# What bit for this tray? Templates



## gpstew (Mar 17, 2019)

Hello all,
Wondering if you could help me identify the proper bit for this wooden serving tray. I had a couple thoughts, but they all came up a little short.



Also, I had to create a new profile on here because the password reset link would never emailed to me. I checked spam, junk, everything. Thoughts on that, administrators?


----------



## kp91 (Sep 10, 2004)

Bowl and Tray bit 
they come in a bunch of different diameters, you get the radios that you want to match. I use one carving my dog paw bowls

Lots of different kinds from a lot of different makers, check the specifications online

https://www.mlcswoodworking.com/shopsite_sc/store/html/smarthtml/pages/katana_bowltray.html


----------



## Nickp (Dec 4, 2012)

gpstew said:


> Hello all,
> Wondering if you could help me identify the proper bit for this wooden serving tray. I had a couple thoughts, but they all came up a little short.
> 
> 
> ...



You might want to send a message to @Cricket ...


----------



## DesertRatTom (Jul 3, 2012)

Same recommendation Bowl and tray bit for the inside, roundover for the outside. Pix attached. Not particularly expensive. For larger bits, slow the router down. Do it on a table and you use a stop block and make several passe, a little deeper each pass. The flat bottom can be used to rout out the main body of the tray.


----------



## harrysin (Jan 15, 2007)

Shots 21 to 25 in the first pdf shows what has been described. For your tray I would first rout it using straight bottom cutting bit followed by the dish cutter. The second pdf shows another project where I used a dish cutter.


----------



## gpstew (Mar 17, 2019)

Thanks everyone for your replies. I searched for a long time. I can't believe that I never ran across this bit. I was searching for a trivet bit. Thanks Harry for the detailed PDF's as well.

Do you think the attached image (trivet) was accomplished with just a rounder-over bit and some sanding?

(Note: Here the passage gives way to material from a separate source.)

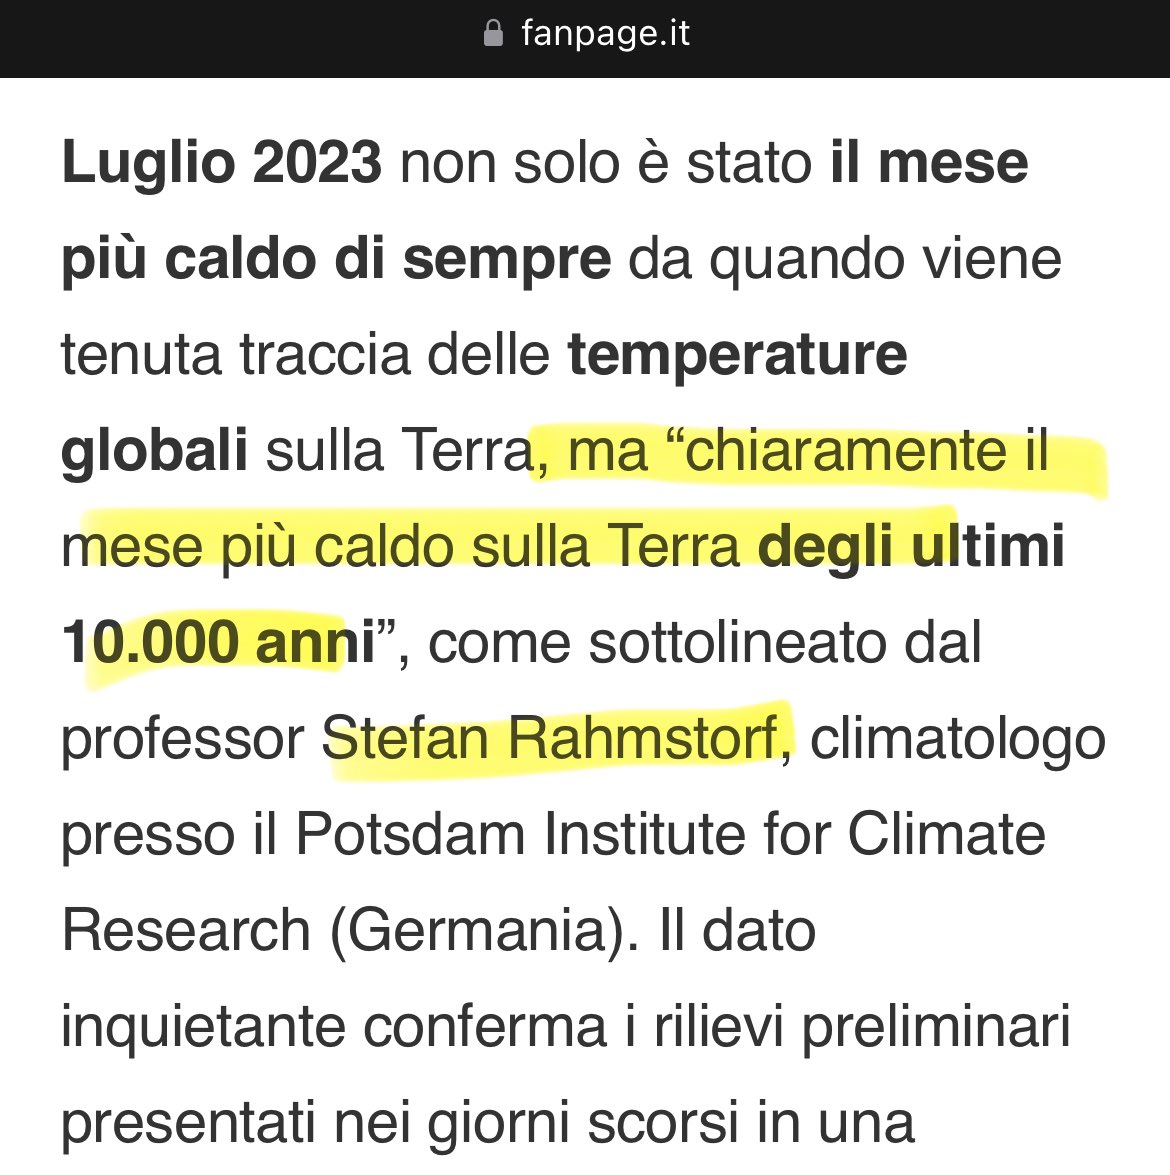 LOLlissimo @RobertoIngross2 Lo dice il professor Stefan Rahmstorf, climatologo presso il Potsdam Institute for Climate Research (Germania), non FanPage. Perché non si mettono d’accordo questi climatologi?

Also, I’ll try reaching out to cricket about the other account issue. Thanks.


----------



## harrysin (Jan 15, 2007)

If I were making it I would use a straight bit, probably a bottom cutter, that is one that has a blade at the bottom and for plunge routing gives a very clean bottom cut. I would then follow with a face cutter round-over round-over bit because it is so shallow, this means that a template a template guide would be required. A similar project is shown.


----------



## gpstew (Mar 17, 2019)

Harry,

You're a rockstar. Thanks so much for this suggestion.


----------



## HoweA (Jul 31, 2013)

Cricket can do it. She just pulled my fat out of the fire....been down for two days and she got it back in a jiffy.....all u have to do notify Cricket...


----------